I dove for Cass’s leg. “I’m good.”

I’d expected Cass to scream as she pushed. I’d expected her to yell and shout, maybe throw a few well-earned insults and fuck yous my way. But every time the doctor told her to push, she clamped down her teeth and pushed.

Four in total.

Then came the wail.

A wail from a pair of newborn lungs. A wail from a red-faced baby girl. A wail that changed everything.

Not long after, the smiley nurse shoved a pair of scissors in my hand and told me where to snip the cord.

Then they whisked the baby to a tray, where she was cleaned and wrapped, then returned to Cass to rest on her bare chest, giving us a few minutes alone before they’d come back to help Cass clean up.

There were new tears down her cheeks now. My hands acted on instinct and brushed them away.

Fuck, she was tough. Tougher than me a million times over.

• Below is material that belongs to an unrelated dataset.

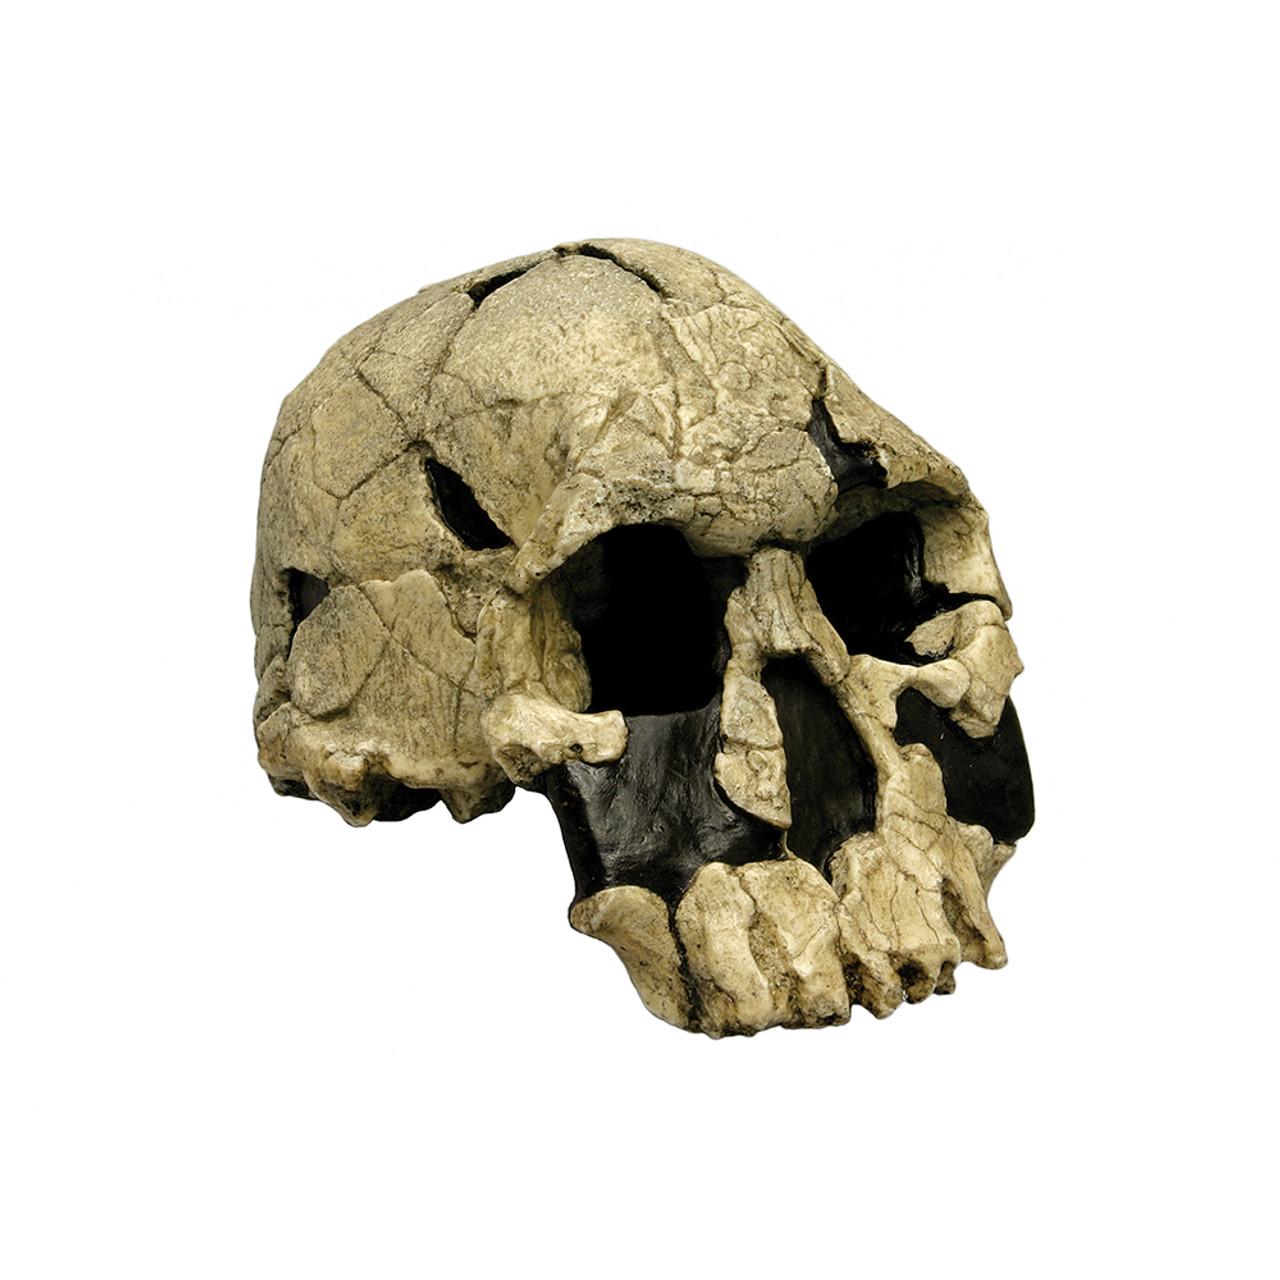 Homo rudolphensis, KNM-ER 147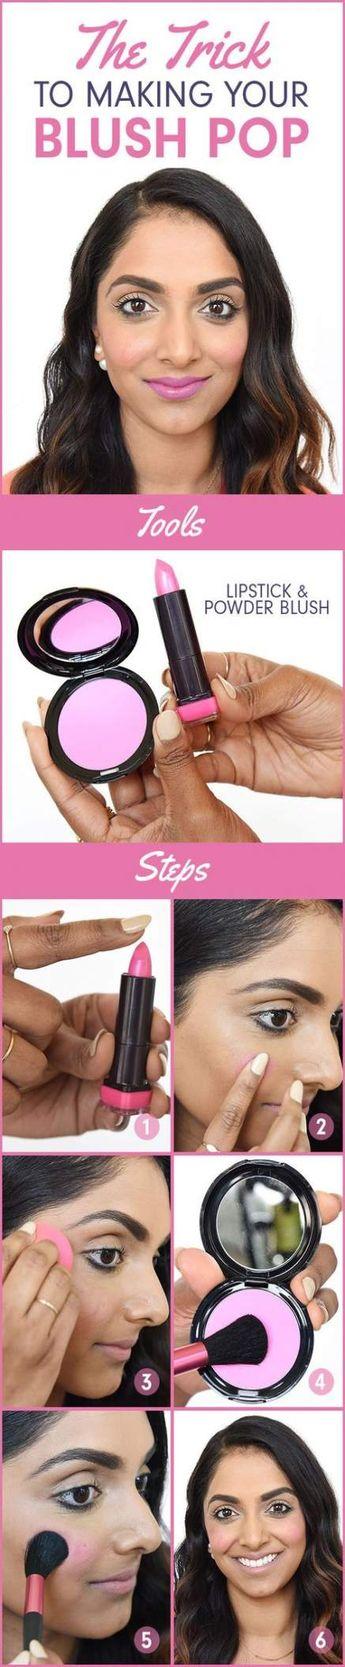 New makeup tips for dark circles red lipsticks 68 ideas #makeup

“Do you want to hold her?” Cass asked.

“I don’t know how.” Even with my friends and their kids, I’d never held a baby before. I waited until they were at least two and a lot less breakable.

A new tear fell from Cass’s cheek as I sat down and held out my arms.

She reached out, placing the baby’s head in the crook of my elbow and her tiny body along my forearm.

What was I doing here? How was I ever going to make this work? But even when the nurses came in and helped Cass to the shower, I refused to let the baby go.

The nurses helped Cass change into a pair of her own pajamas before getting her into a wheelchair. Then one of them stole the baby from my arms.

“Are we going somewhere?”

“This is just a delivery room,” a nurse answered. “We’ll get you settled into a recovery room for the night.”

I nodded and since the nurse pushed the baby in her cart crib, I slung Cass’s bag over a shoulder and pushed her wheelchair down the hallway toward the opposite end of the unit to a smaller, dimly lit room with a full-sized bed.

Cass took the baby, baring a breast for an attempt at nursing, while the staff came in and out of the room, bringing water and pamphlets and instructions.

“Will you go find my parents?” Cass winced as the baby latched on to a nipple. “My mom texted that they found a quiet waiting room on the second floor.”

“Sure.” I backed away and the moment I was in the hallway and out of sight, I planted my hands on my thighs and put my head between my knees.

Oh, shit. Oh, shit. The delivery had taken hours but it had still happened too fast.

The sound of a door opening and closing had me standing straight. Dale and Claudia appeared, having come from the stairwell.

Awesome. Dale had just seen me close to passing out.

I pointed to Cass’s door, too freaked to be embarrassed.

Neither of them spoke as they rushed past me and to their daughter.

I shuffled down the hallway, my hands shoved into my pockets to hide their shaking, not exactly sure where I was going until a familiar voice caught my ear and I steered myself toward the closest waiting room.

There were people in the chairs. My people. Presley was asleep against Shaw’s shoulder. Dash was a couple seats down, stretched out with his eyes closed. Emmett was standing beside Luke.

They stared at me as I walked over.

“Everything okay?” Luke asked.

Okay? She was so little. How did you take care of someone that small? How did I change her diaper or teach her to ride a bike or help her with math homework? I wasn’t equipped to do any of those things.

But I would. Because she was . . . mine. Forever, she was mine.

“I have a daughter.” I blinked and raked a hand through my hair. “Holy fuck, I have a daughter.”